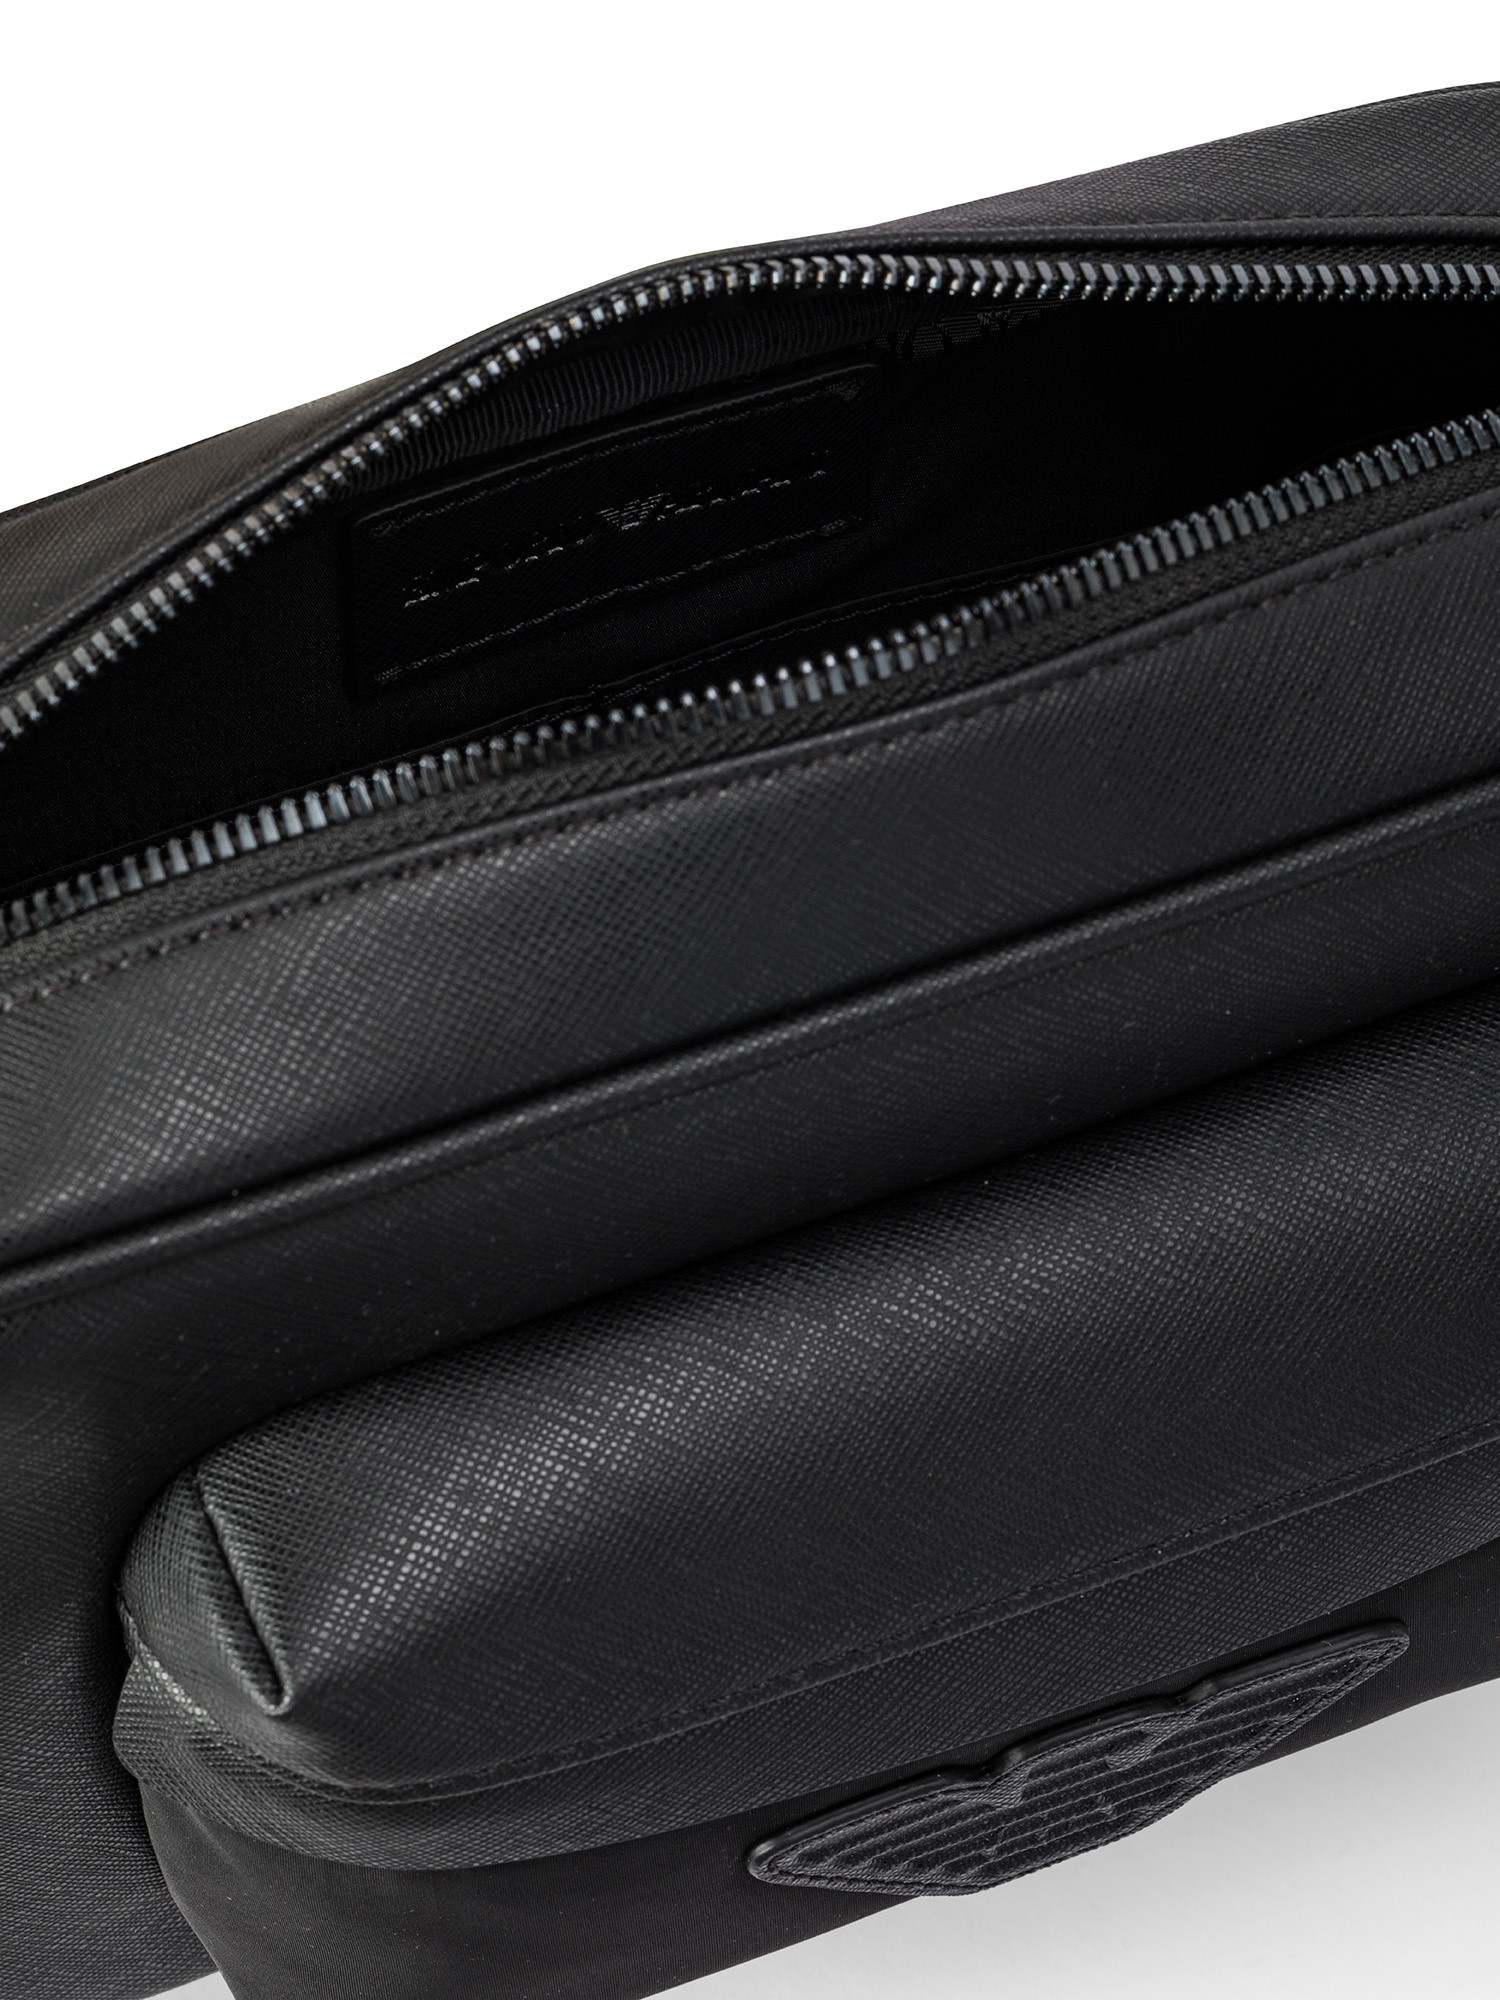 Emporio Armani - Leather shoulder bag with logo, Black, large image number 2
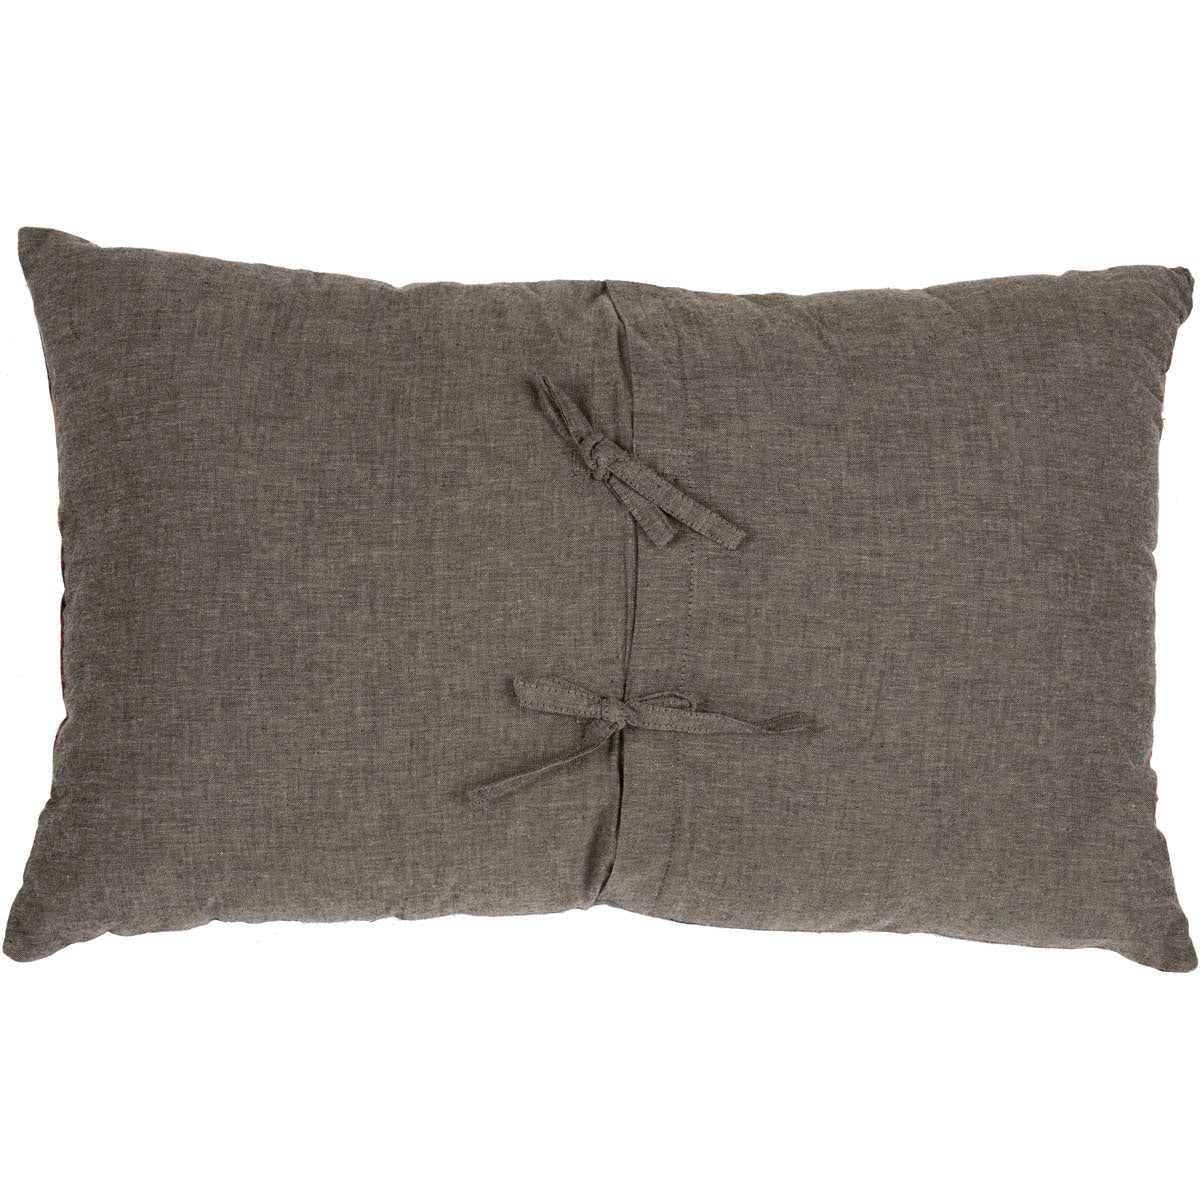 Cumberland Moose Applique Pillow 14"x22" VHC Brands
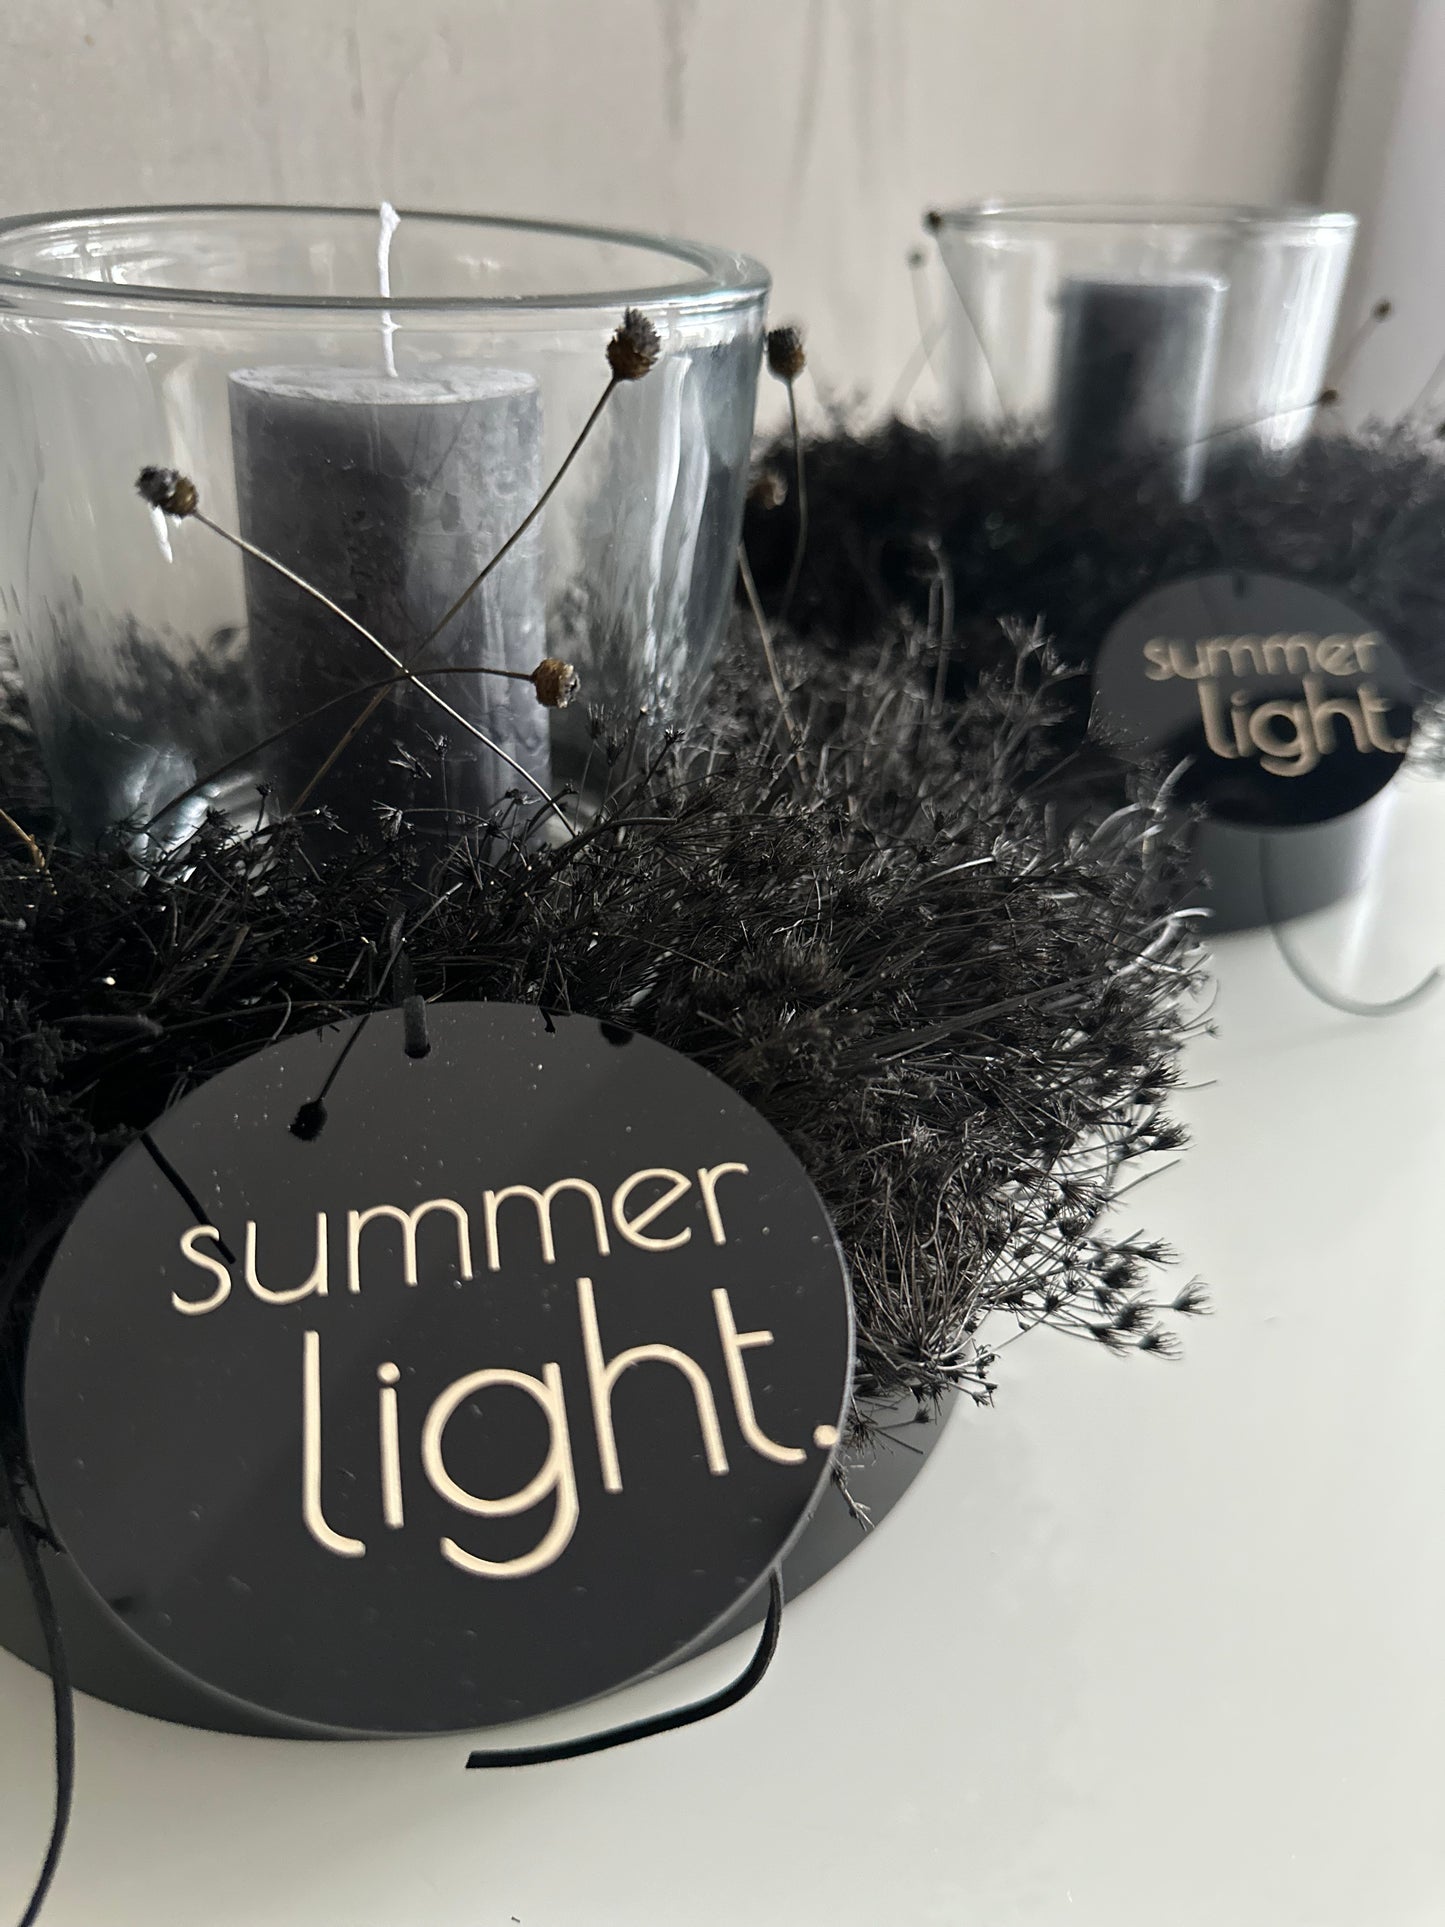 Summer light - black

******************************

To do
Every line above needs to be written out again as it stands. Pictures do not belong in the copy.

Written solution
 Emporio Armani - Leather shoulder bag with logo, Black, large image number 2
 Cumberland Moose Applique Pillow 14"x22" VHC Brands
 Summer light - black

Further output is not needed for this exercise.